Erwartungen und Überzeugungen

„What gets us into trouble, is not what we don’t know
it is what we know for sure and just ain’t so“
– Mark Twain

( Was uns Probleme macht, ist nicht das, was wir nicht wissen,
es ist das, wovon wir überzeugt sind und doch nicht so ist )

Erwartungen basieren auf unserer Fähigkeit, aus Erfahrungen zu lernen und daraus Schlüsse über mögliche, zukünftige Entwicklungen zu ziehen. Unsere Fähigkeit zu lernen ist grundlegend für alle anderen Fähigkeiten.

Nur was ist der Effekt, wenn wir uns in unseren Erwartungen versteifen und in Überzeugungen fixieren? Wie beeinflusst das unsere Fähigkeit, Neues zu lernen?

Wie flexibel können wir reagieren, wenn unsere Erwartungen nicht erfüllt werden? Wie lange verharren wir in Ärger oder Enttäuschung?

Welche Erwartungen haben wir an uns selbst und welche Überzeugungen über das, was wir können? Wie fühlen, denken und handeln wir dadurch in konkreten Situationen? Wie nehmen wir die Situation wahr? Wenn wir davon überzeugt sind, das wir etwas nicht schaffen können, werden wir es überhaupt noch versuchen? Und wie hoch sind dann die Erfolgschancen?

Was erzeugen unsere Erwartungen und Überzeugungen über uns selbst in unseren Beziehungen?

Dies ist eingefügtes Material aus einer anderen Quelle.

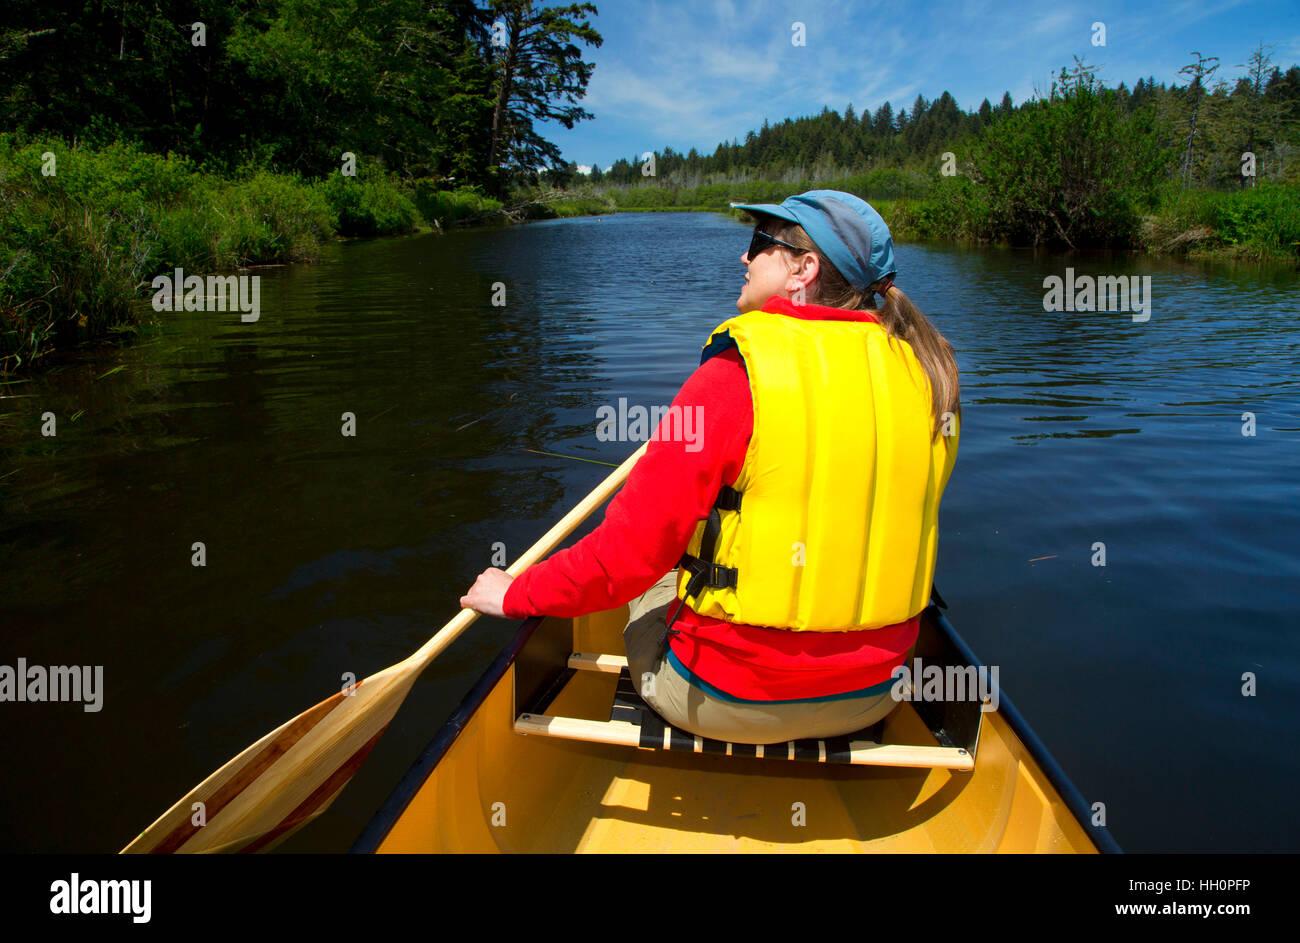 Paddle Creek Stock Photos & Paddle Creek Stock Images - Alamy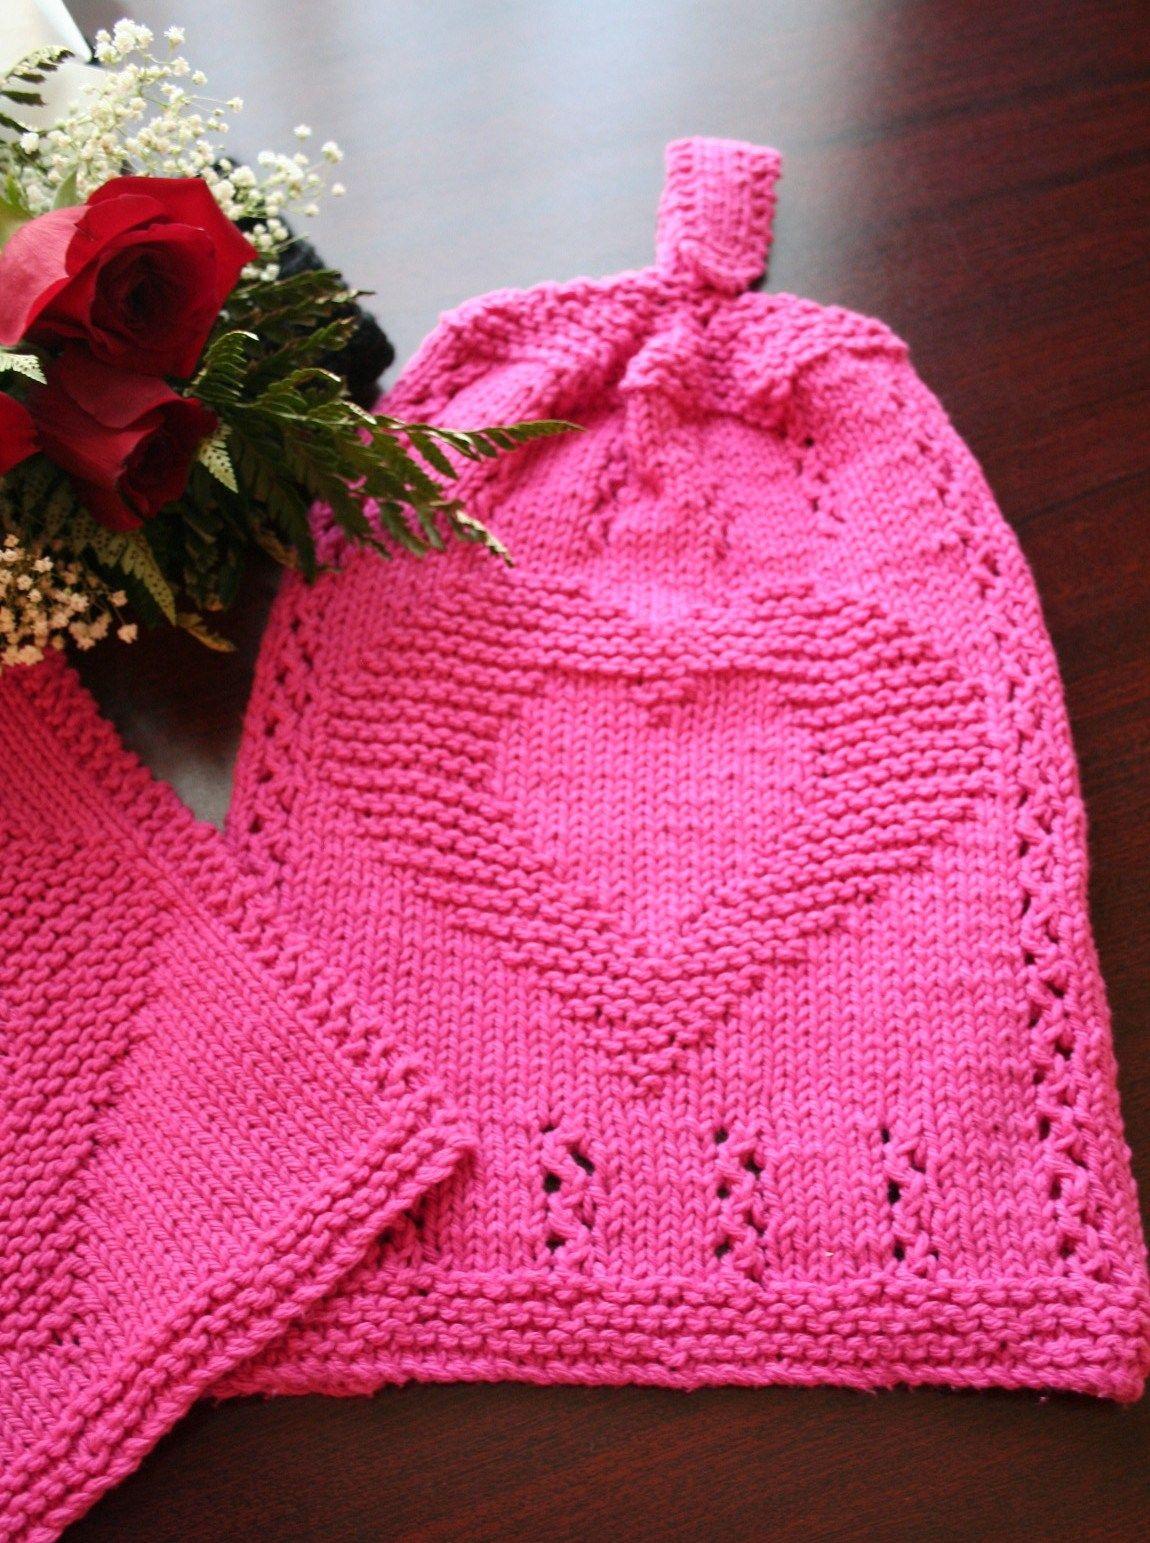 Dishcloth and Washcloth Knitting Patterns | Knitting patterns ...

„Die Theorie bestimmt, was wir beobachten können“

-Albert Einstein

Unsere Erwartungen, Überzeugungen und Vorstellungen sind wie Filter unserer Wahrnehmung, die auch unser Handeln beeinflussen. Auf diese Art bestätigen wir dann unsere Erwartungen und so werden sie dann so normal für uns, das wir sie kaum noch wahrnehmen – so wie wir durch eine Brille schauen, ohne dass wir die Brille selbst noch sehen.

Wenn wir unsere Aufmerksamkeit auf unsere Erwartungen lenken und in dieser Haltung versteifen, verlieren wir die Flexibilität.

Die Körpertherapie ist ein Weg, die Erwartungs-Haltung wahrzunehmen und zu verändern.